Sean miró por última vez a Dave mientras éste pagaba al dependiente de la tienda. Dave le daba lástima. Al margen de lo que pudiera haber hecho, Dave provocaba ese sentimiento en la gente: lástima, en su estado más puro y un poco desagradable, tan afilada como una roca.

Celeste, que estaba sentada en la cama de Katie, oyó a los policías que subían por la escalera; sus zapatos pesados pisoteaban los viejos escalones al otro lado de la pared. Annabeth la había mandado allí, unos minutos antes, para que cogiera un vestido de Katie que Jimmy quería llevar a la funeraria; Annabeth se había disculpado por no ser lo bastante fuerte para entrar ella misma en la habitación. Era un vestido azul con un corte en los hombros, y Celeste recordó a Katie con él en la boda de Carla Eigen, con una flor azul y amarilla prendida a un lado de su peinado alto, justo encima de la oreja. Ese día había causado literalmente unas cuantas exclamaciones de admiración; Celeste pensó que ella misma nunca estaría así de guapa en toda su vida, mientras que Katie no se daba cuenta de lo deslumbrante que su belleza podía llegar a ser. Cuando Annabeth mencionó un vestido azul, Celeste supo de inmediato a cuál se refería.
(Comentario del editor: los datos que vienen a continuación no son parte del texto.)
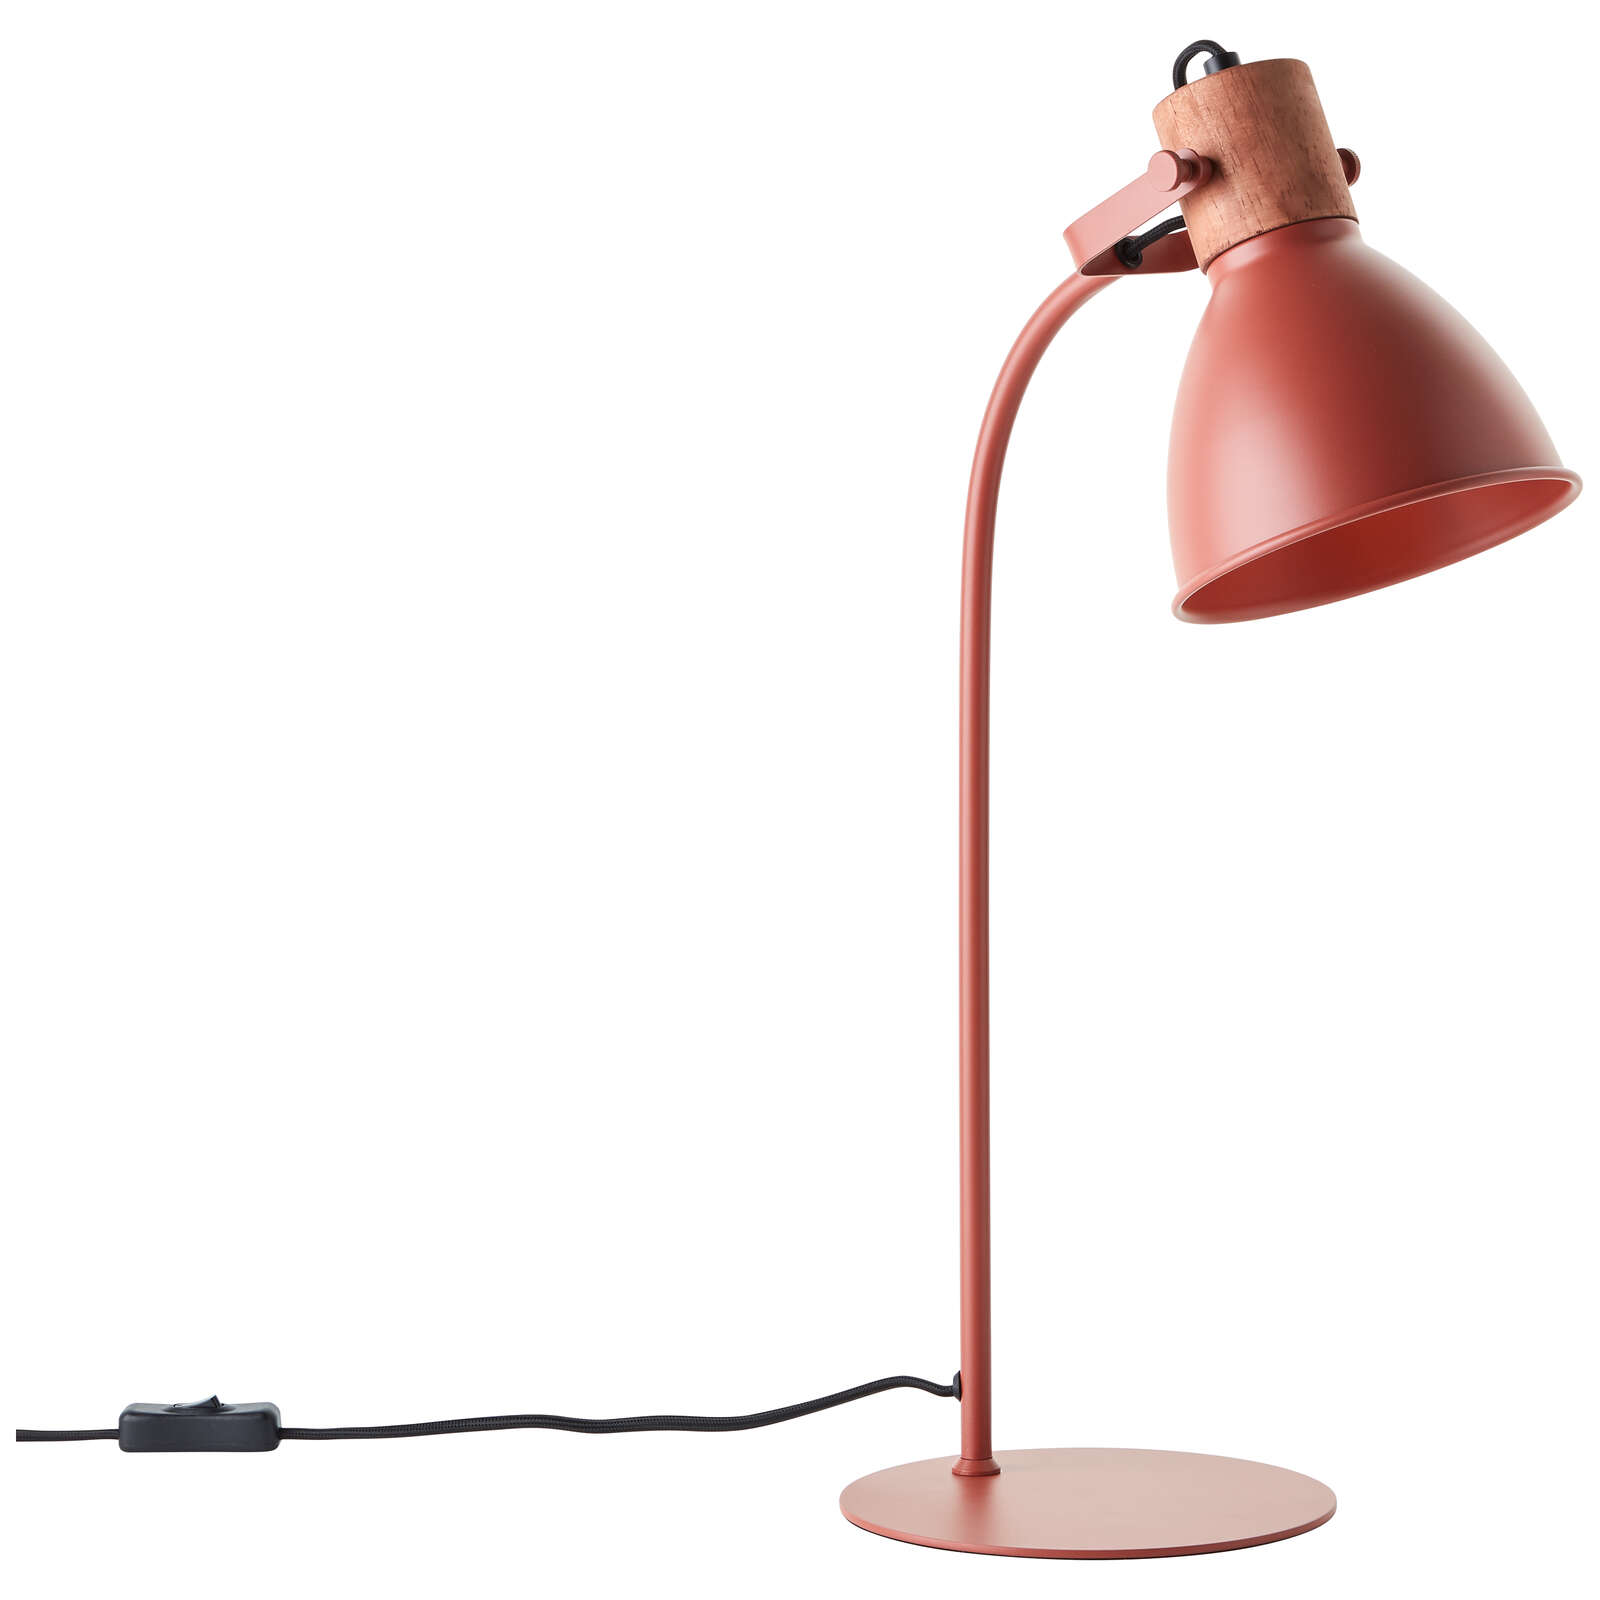             Wooden table lamp - Franziska 2 - Red
        
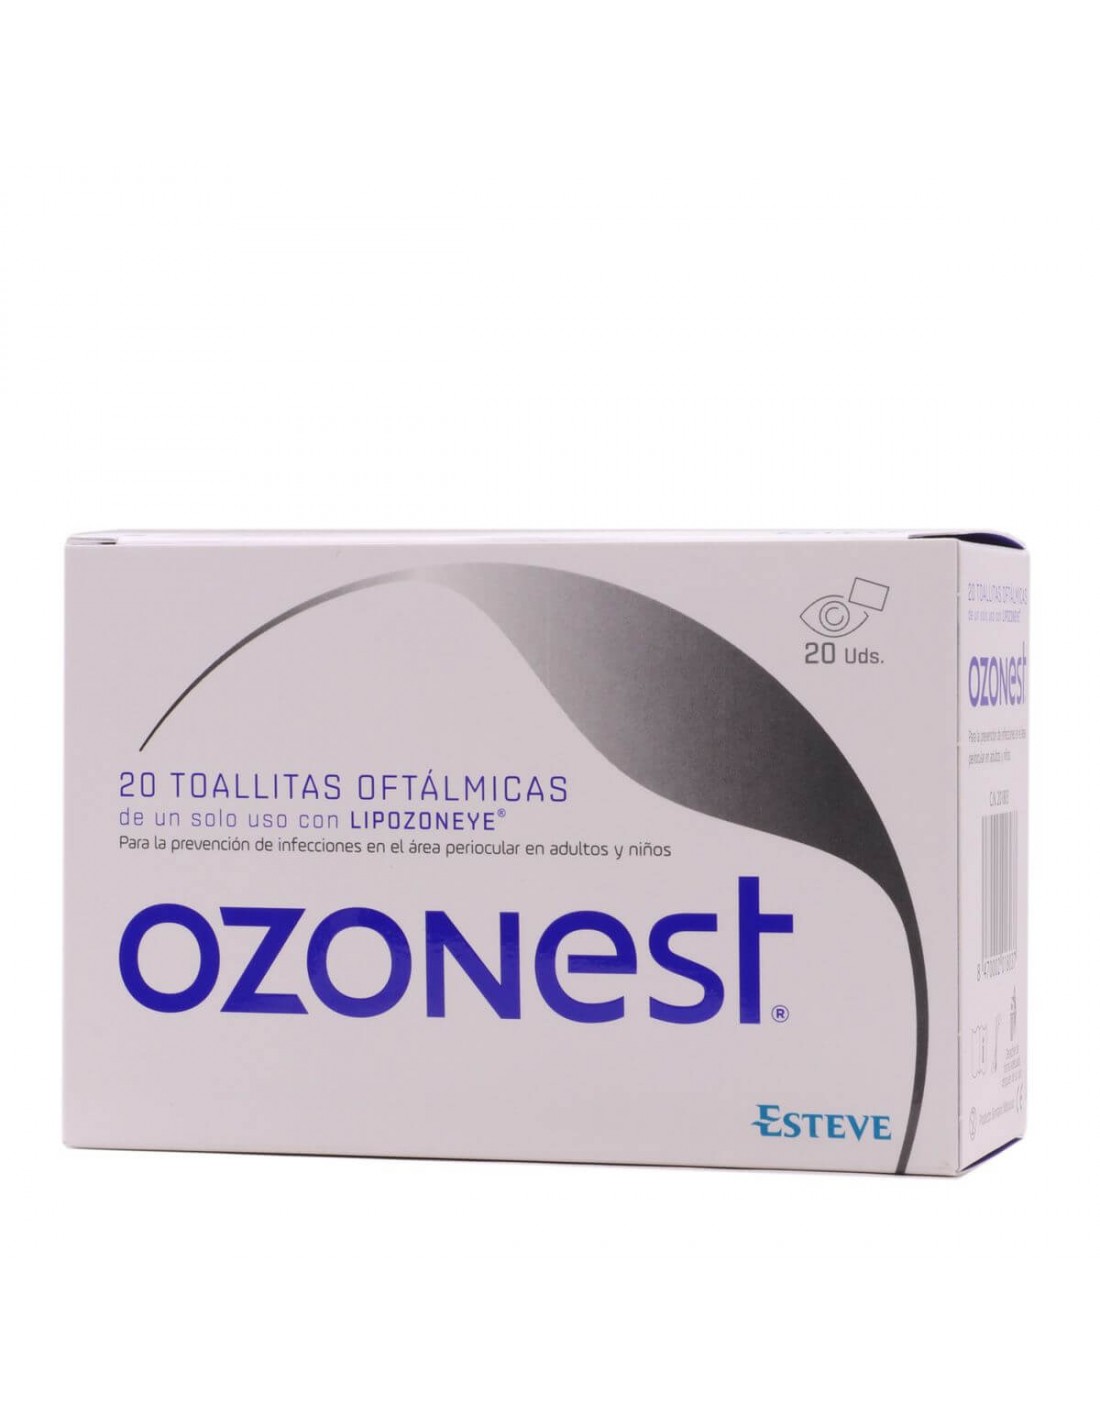 OZONEST 20 TOALLITAS OFTALMICAS Online

Así pues, había ido hasta allí, al mismo lugar en que la noche anterior había visto a Jimmy sosteniendo la almohada de Katie contra su rostro intentando recordar su olor, y había abierto la ventana para airear la habitación del aroma húmedo a pérdida. Encontró el vestido guardado en una bolsa para ropa al fondo del armario, lo sacó y se sentó en la cama un momento. Oía los sonidos procedentes de la avenida, el chasquido de las puertas de los coches al cerrarse, el parloteo esporádico y apagado de la gente que paseaba por la avenida, el siseo de un autobús al abrir las puertas en la esquina de la calle Crescent, miró una fotografía de Katie y de su padre que había sobre la mesilla de noche. Era de hacía unos cuantos años, y la niña, sentada sobre los hombros de su padre, sonreía con rigidez a causa del aparato corrector. Jimmy le sostenía los tobillos con las manos y miraba a la cámara con aquella sonrisa tan maravillosamente franca que tenía, esa sonrisa que siempre acababa por sorprender a todo el mundo, aunque sólo fuera porque no había nada más en Jimmy que pareciera franco, como si esa sonrisa fuera el único lugar adonde no llegase su reserva.